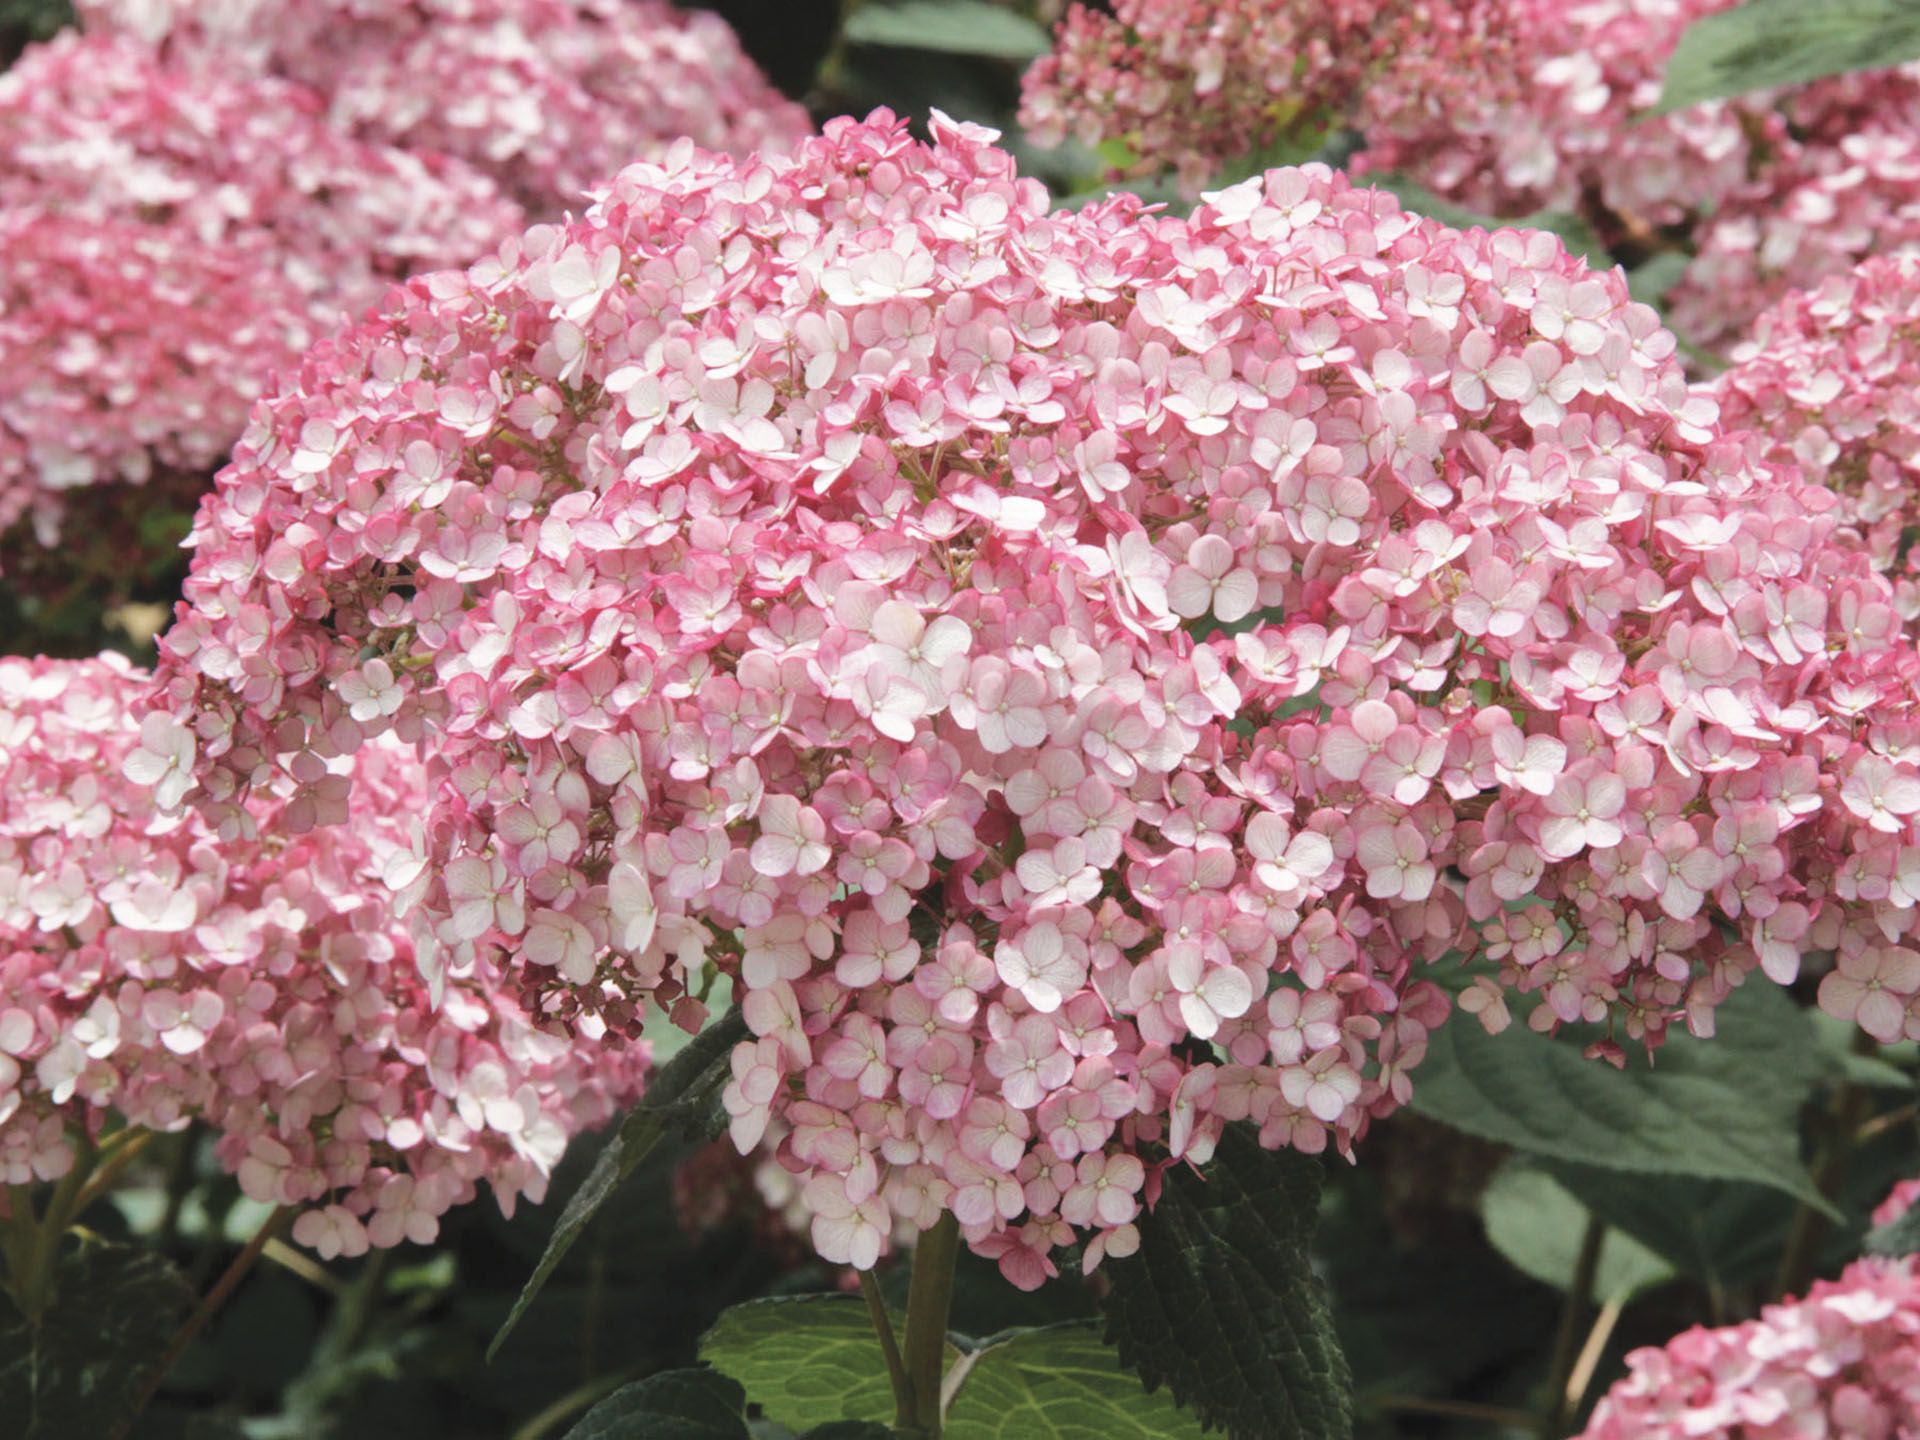 Image of Hydrangea sweet annabelle with pink flowers
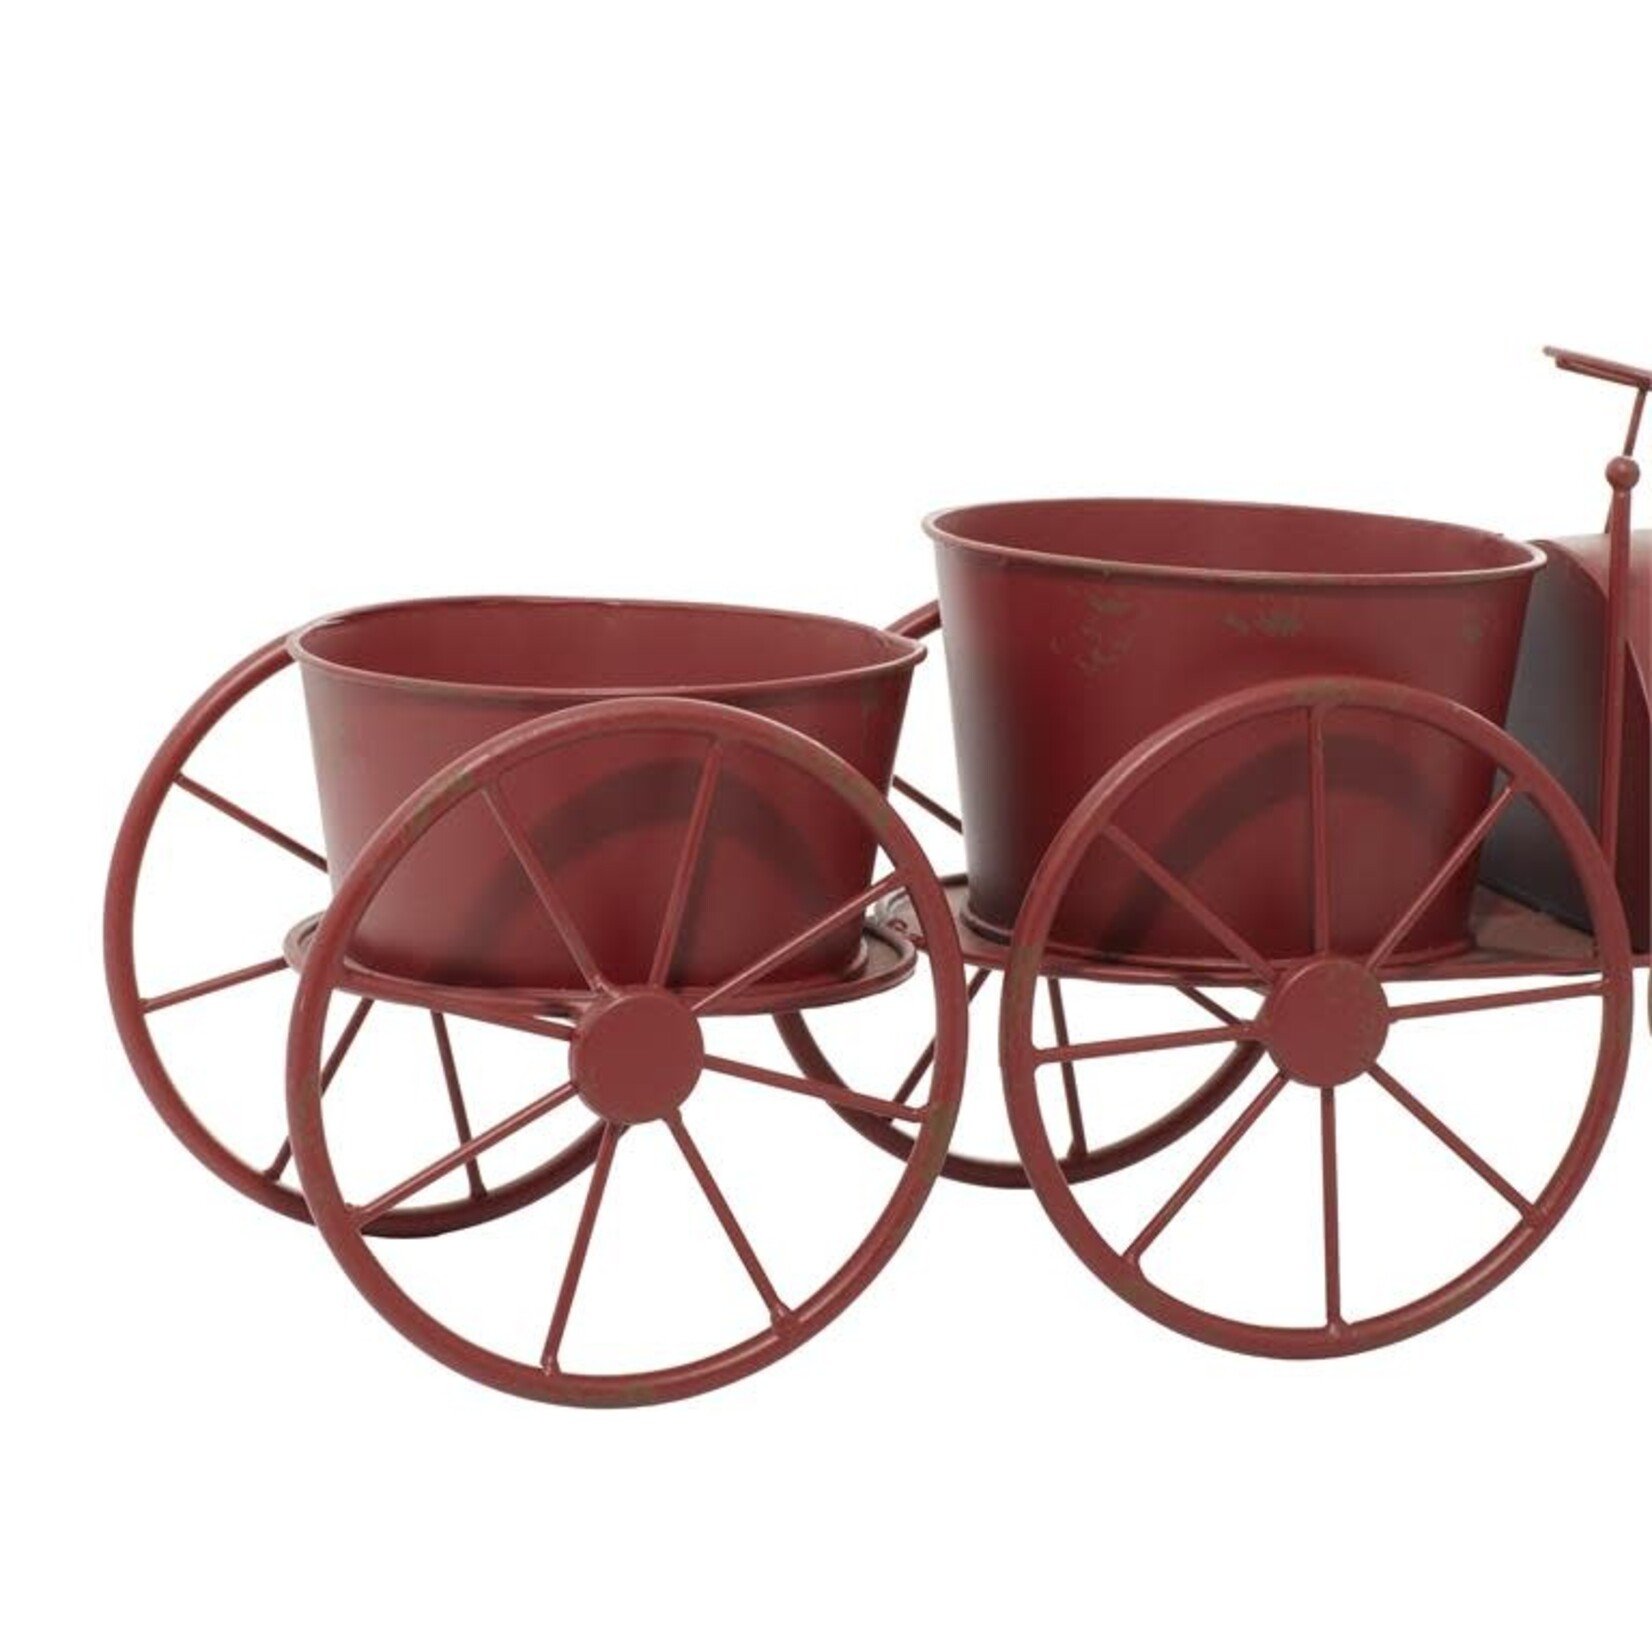 60% off was $90 now $36.00, 10”H X 22” RED METAL TRUCK PLANTER
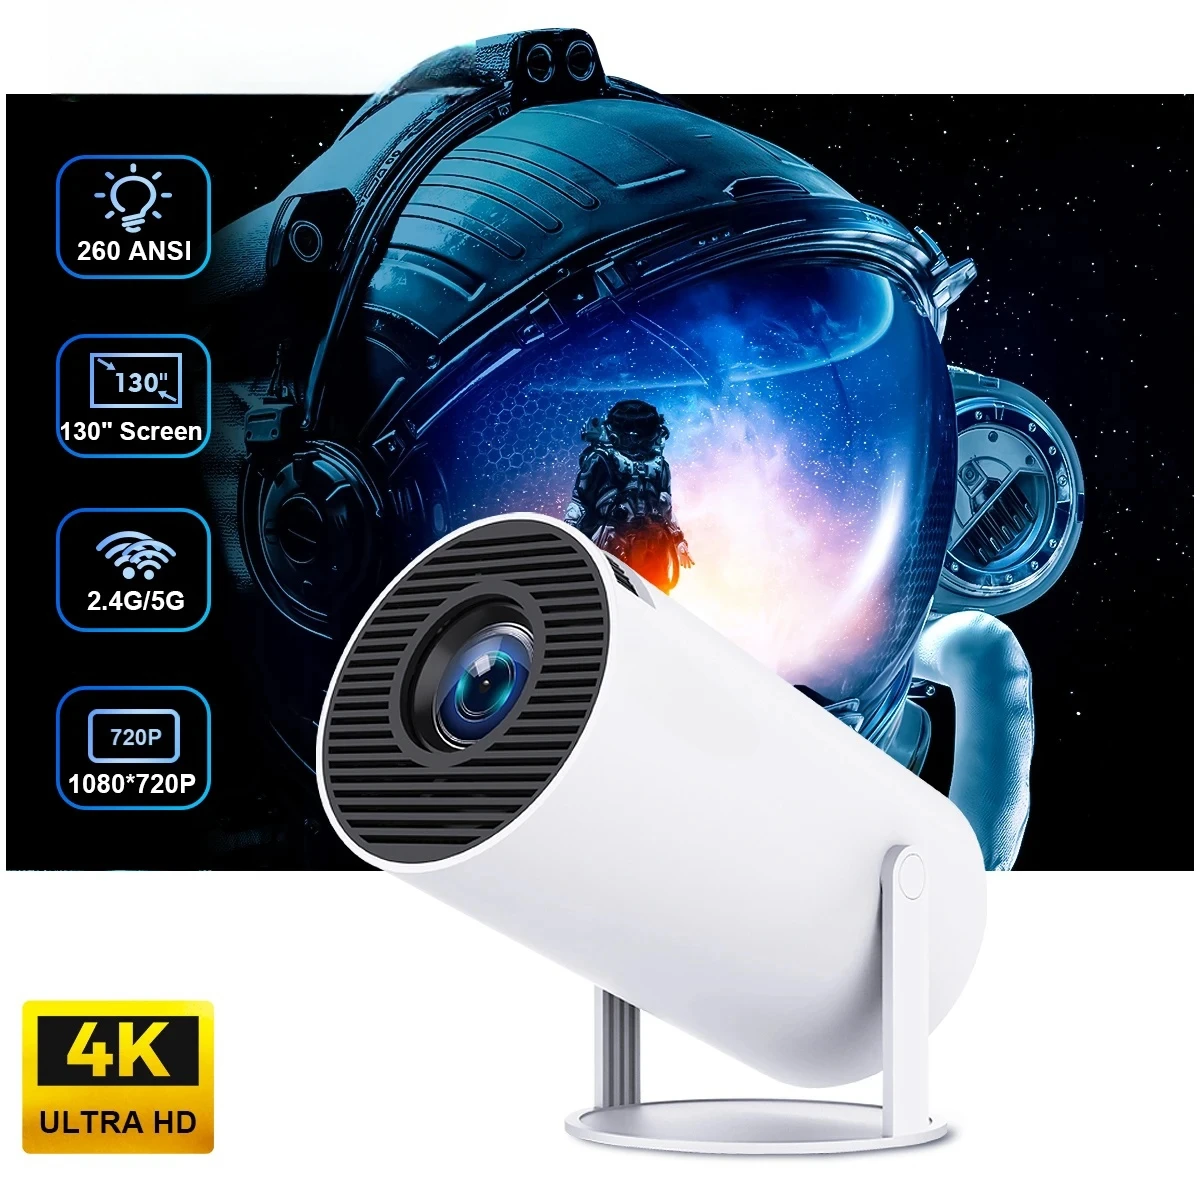 HY300 Pro Projector Android 11 4K 1280*720P Dual Wifi 260ANSI Flexible BT5.0 Cinema Outdoor Portable Indoor Projetor with Bag
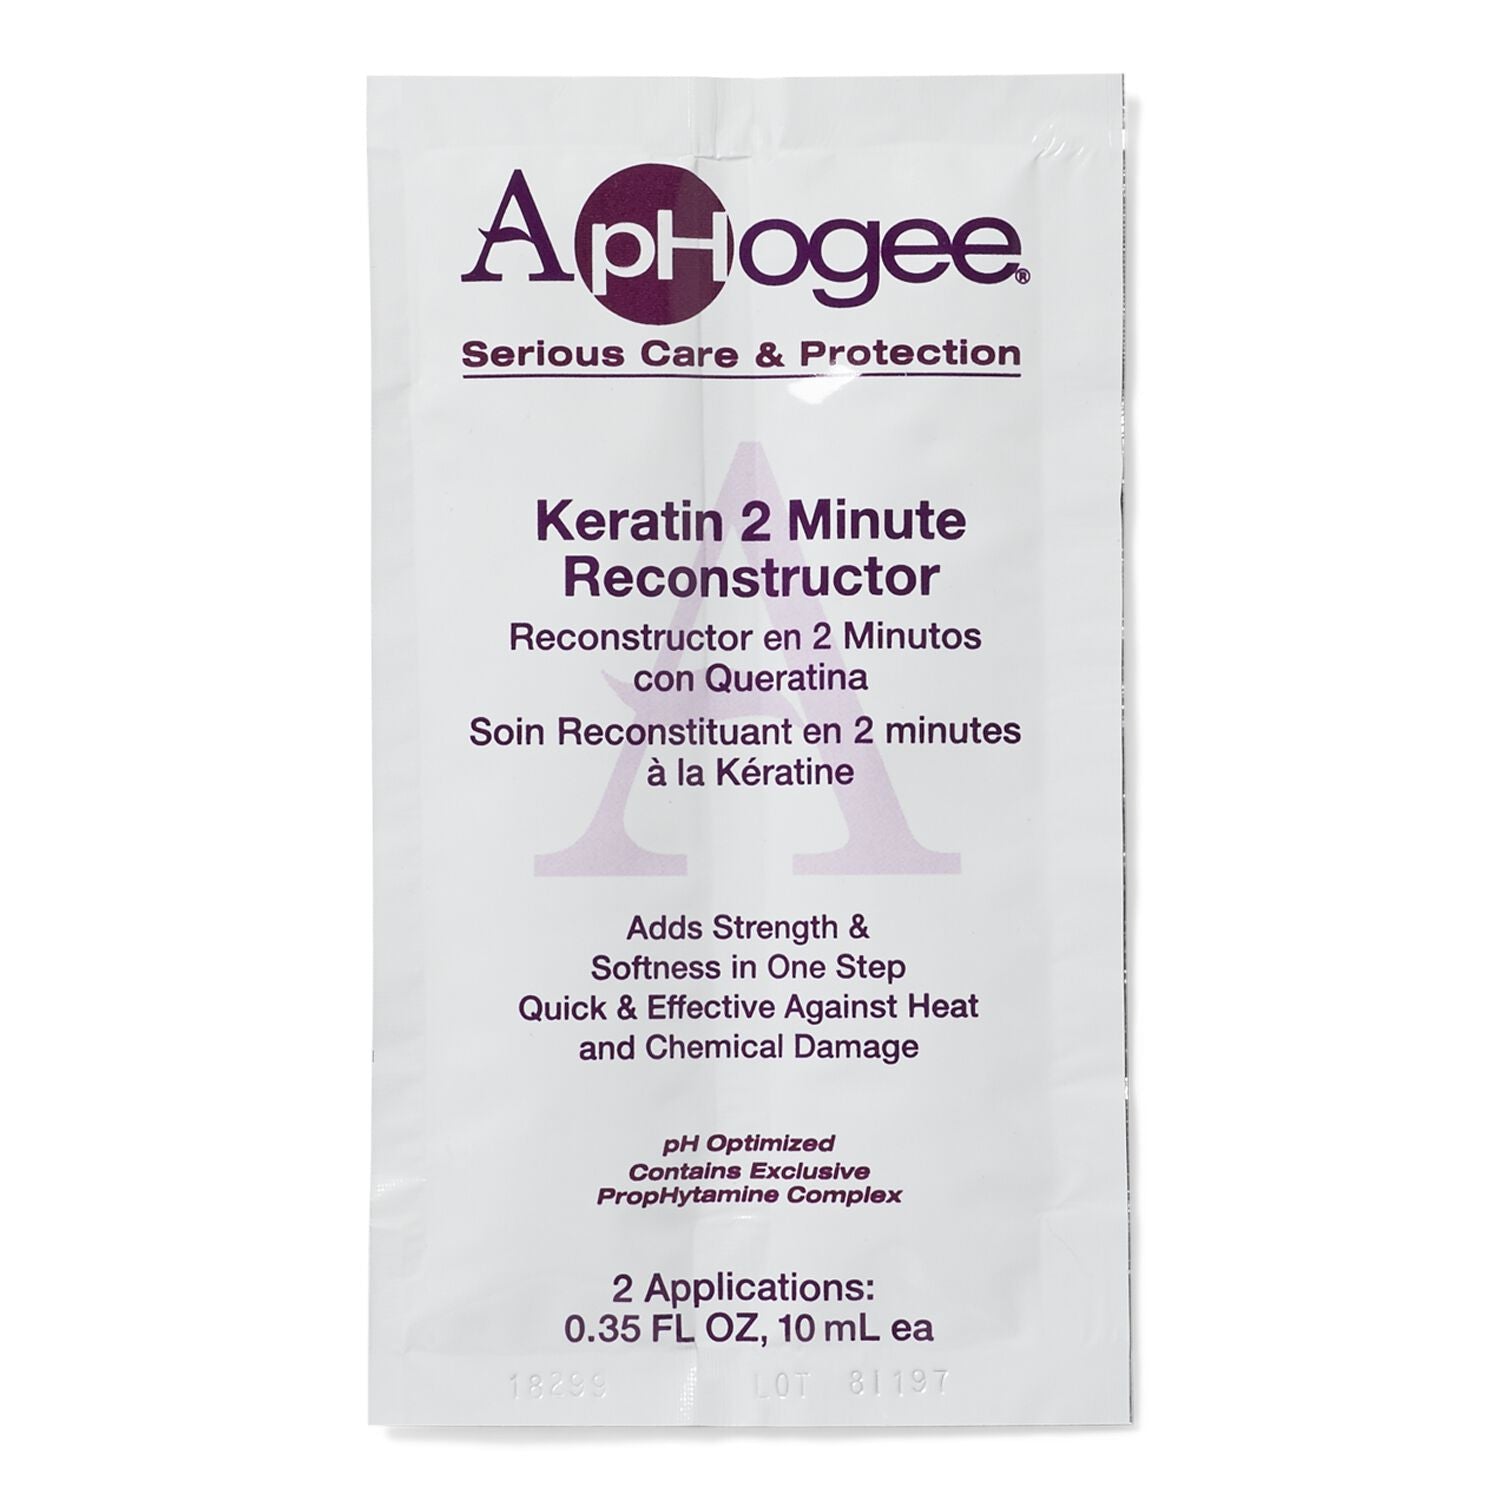 ApHogee Two Minute Intensive Keratin Reconstructor Packette

# # #

**Required work**: Find the line with "HY300 Pro Projector" in the listing and extract it and all lines after it through the end, exactly, without the pictures.

**Answer section**:
 HY300 Pro Projector Android 11 4K 1280*720P Dual Wifi 260ANSI Flexible BT5.0 Cinema Outdoor Portable Indoor Projetor with Bag
 ApHogee Two Minute Intensive Keratin Reconstructor Packette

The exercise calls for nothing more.